# Height of Ball

• Dec 14th 2008, 10:00 PM
magentarita
Height of Ball
The formula for the height of a ball as a function of time is given by the equation h = -16t^2 + vt + h, where h is the height of a ball in feet, v is the initial velocity of the ball in feet per second, h is the initial height of the ball in feet, and t is the time in seconds after the ball was thrown.
If a ball is thrown from an initial height of 5 feet at an initial velocity of 20 feet per second, what is its height after 1 second?

Do I plug and chug here?

• Dec 14th 2008, 10:13 PM
tester85
Quote:

Originally Posted by magentarita
The formula for the height of a ball as a function of time is given by the equation h = -16t^2 + vt + h, where h is the height of a ball in feet, v is the initial velocity of the ball in feet per second, h is the initial height of the ball in feet, and t is the time in seconds after the ball was thrown.
If a ball is thrown from an initial height of 5 feet at an initial velocity of 20 feet per second, what is its height after 1 second?

Do I plug and chug here?

Yes that's right but remember to plug in h which is the initial height into the correct h in the equation as the equation has 2 h's in it.
• Dec 15th 2008, 09:33 PM
magentarita
ok...
Quote:

Originally Posted by tester85
Yes that's right but remember to plug in h which is the initial height into the correct h in the equation as the equation has 2 h's in it.

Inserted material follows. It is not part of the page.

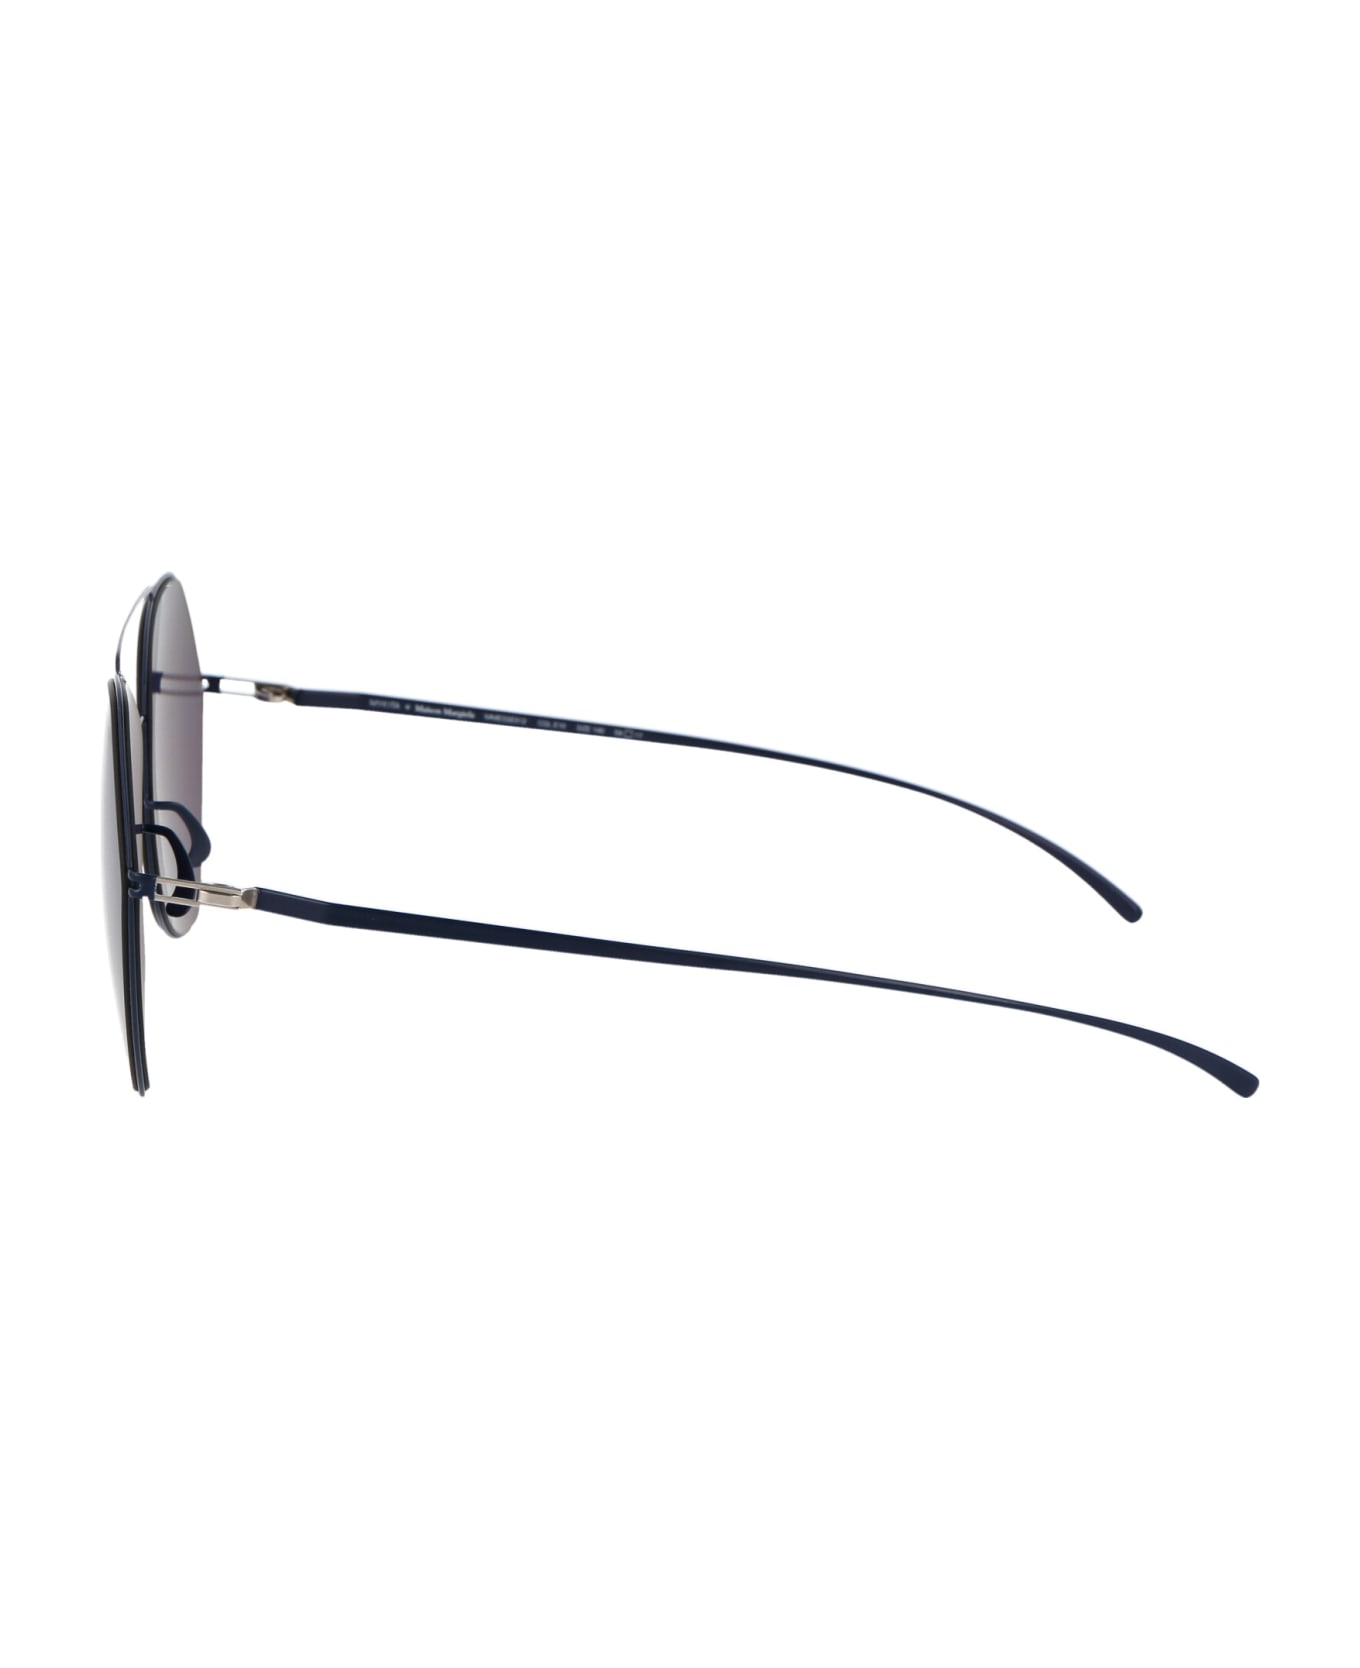 Mykita Mmesse012 Sunglasses - 261 E10 Dark Blue Indigo Solid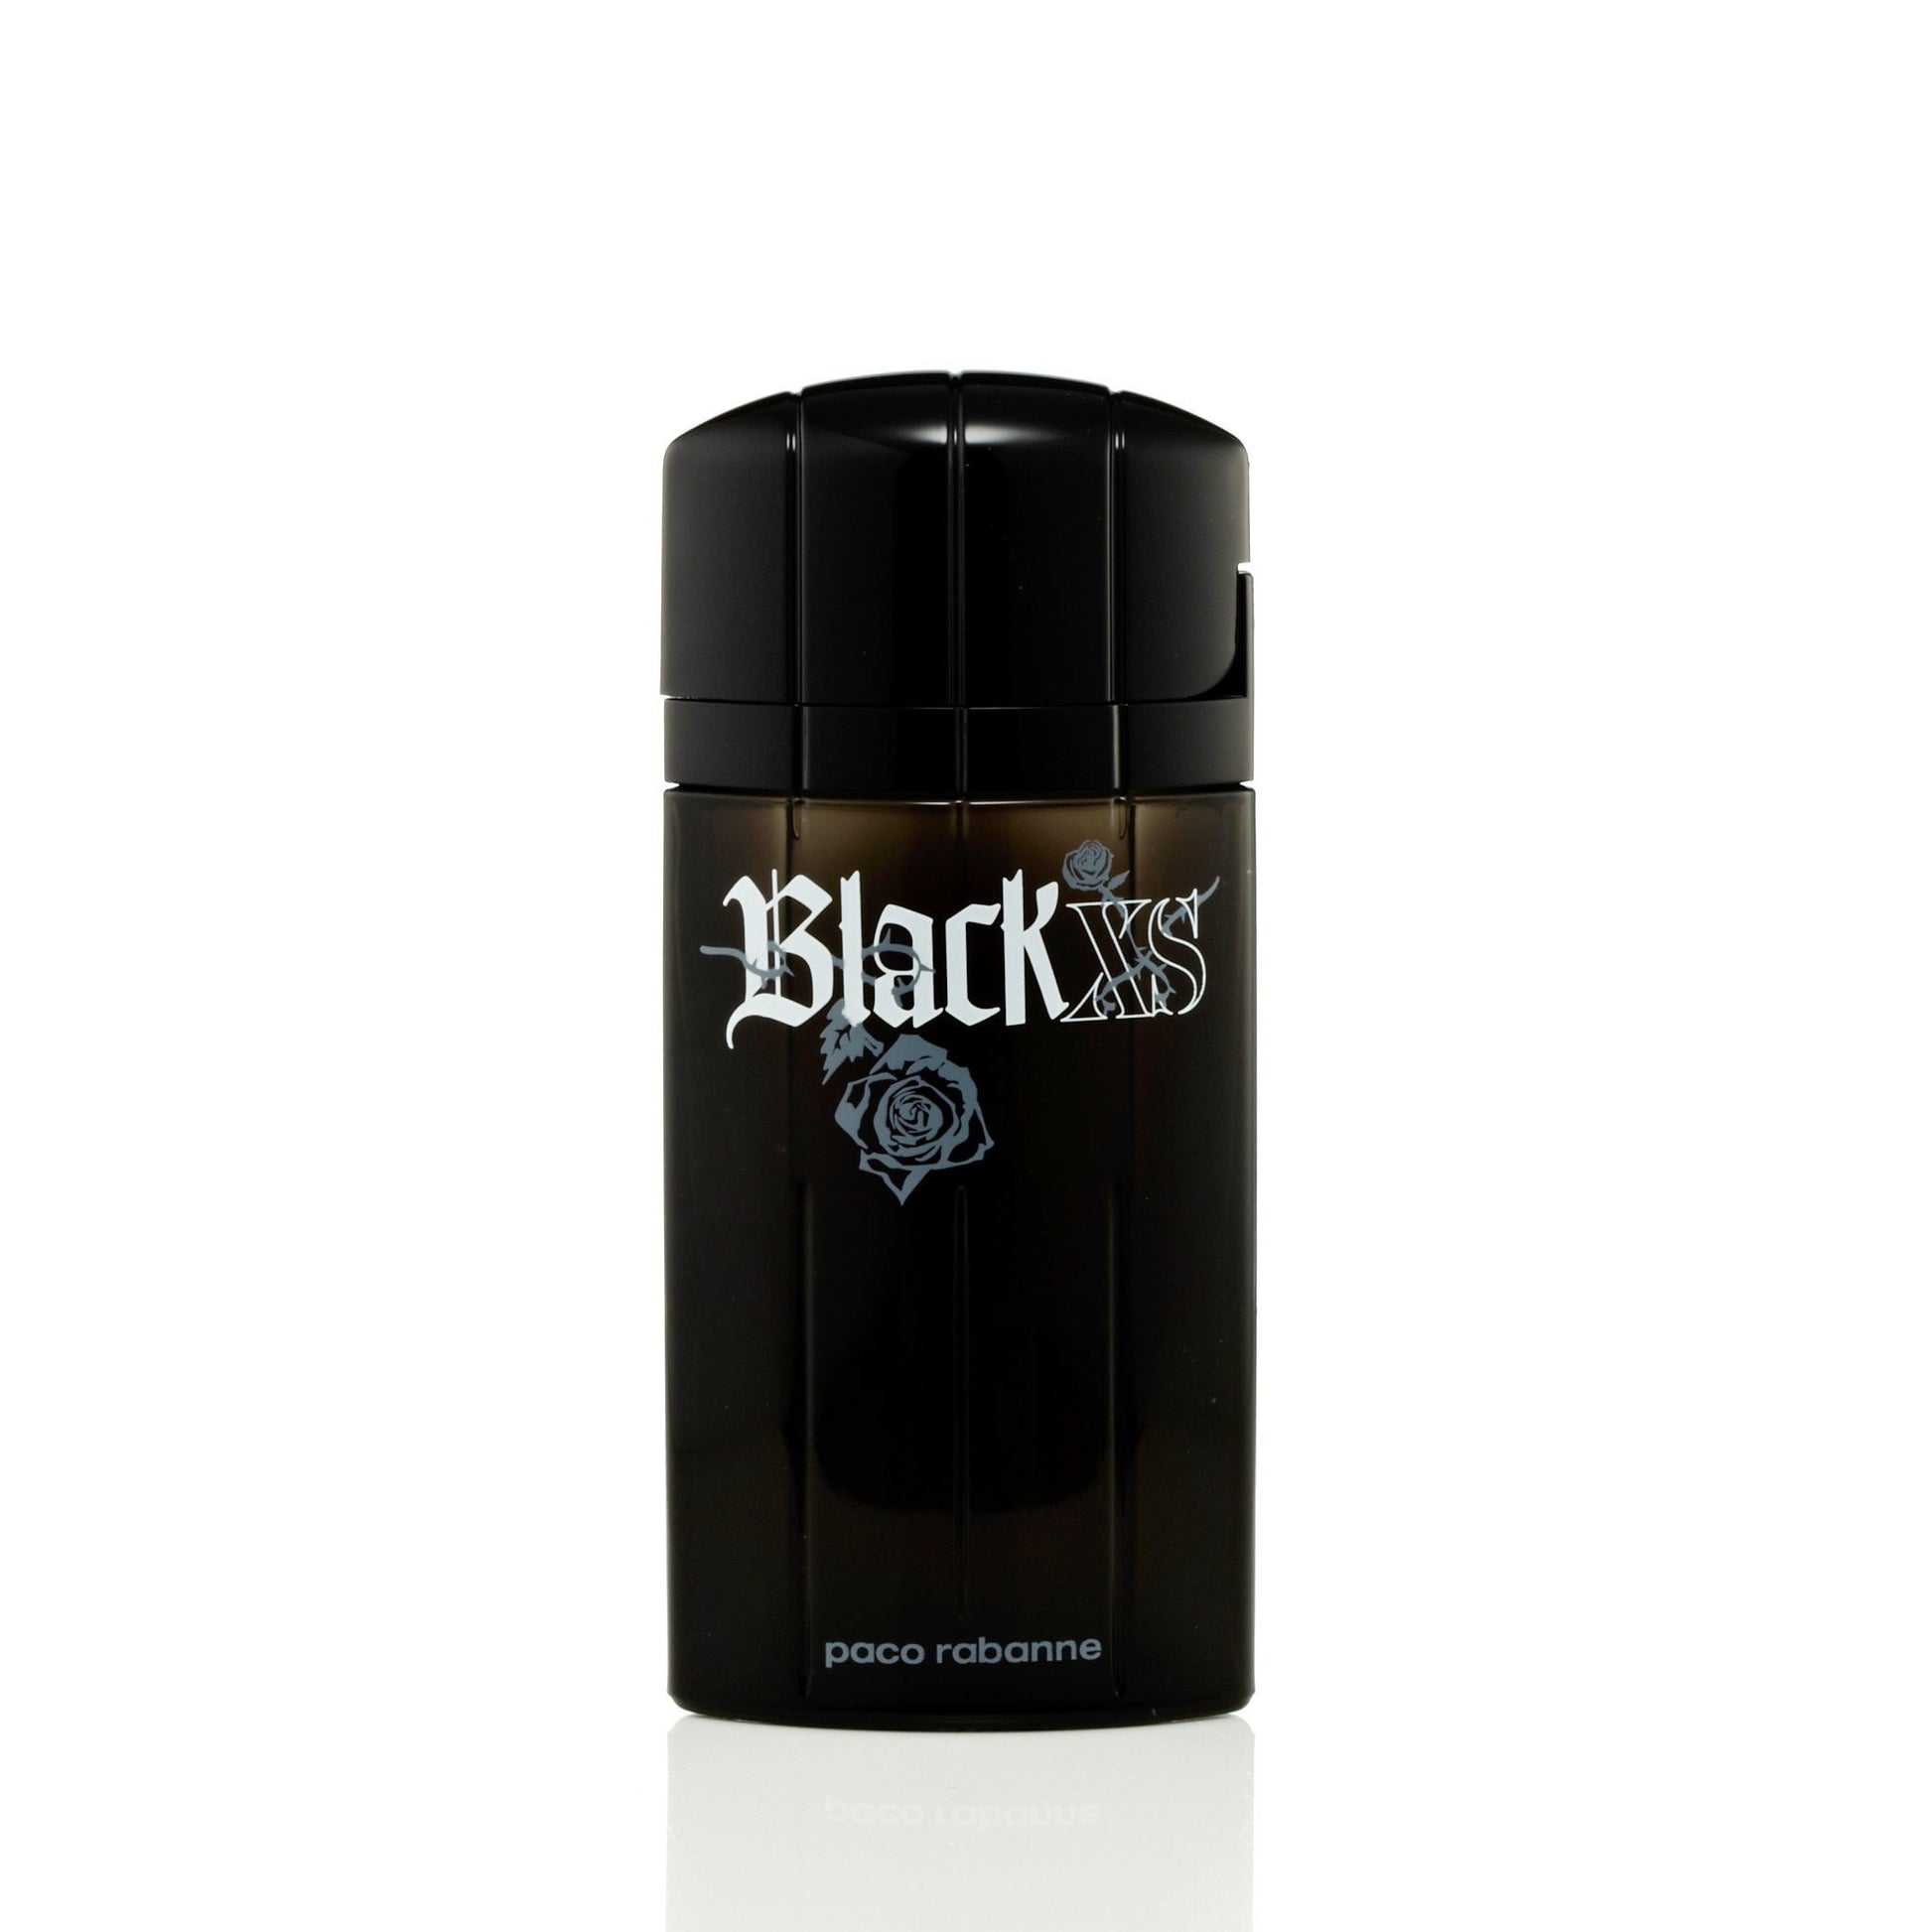 XS Black Eau de Toilette Spray for Men by Paco Rabanne 3.4 oz. Click to open in modal

So, h = 5 in the function.

Plug the rest for v and t and simplify, right?
• Dec 15th 2008, 09:36 PM
Chris L T521
Quote:

Originally Posted by magentarita
So, h = 5 in the function.

Plug the rest for v and t and simplify, right?

Correct. The equation you should get should be $h\left(t\right)=-16t^2+20t+5$

Now, what do you think $h\left(1\right)$ should be?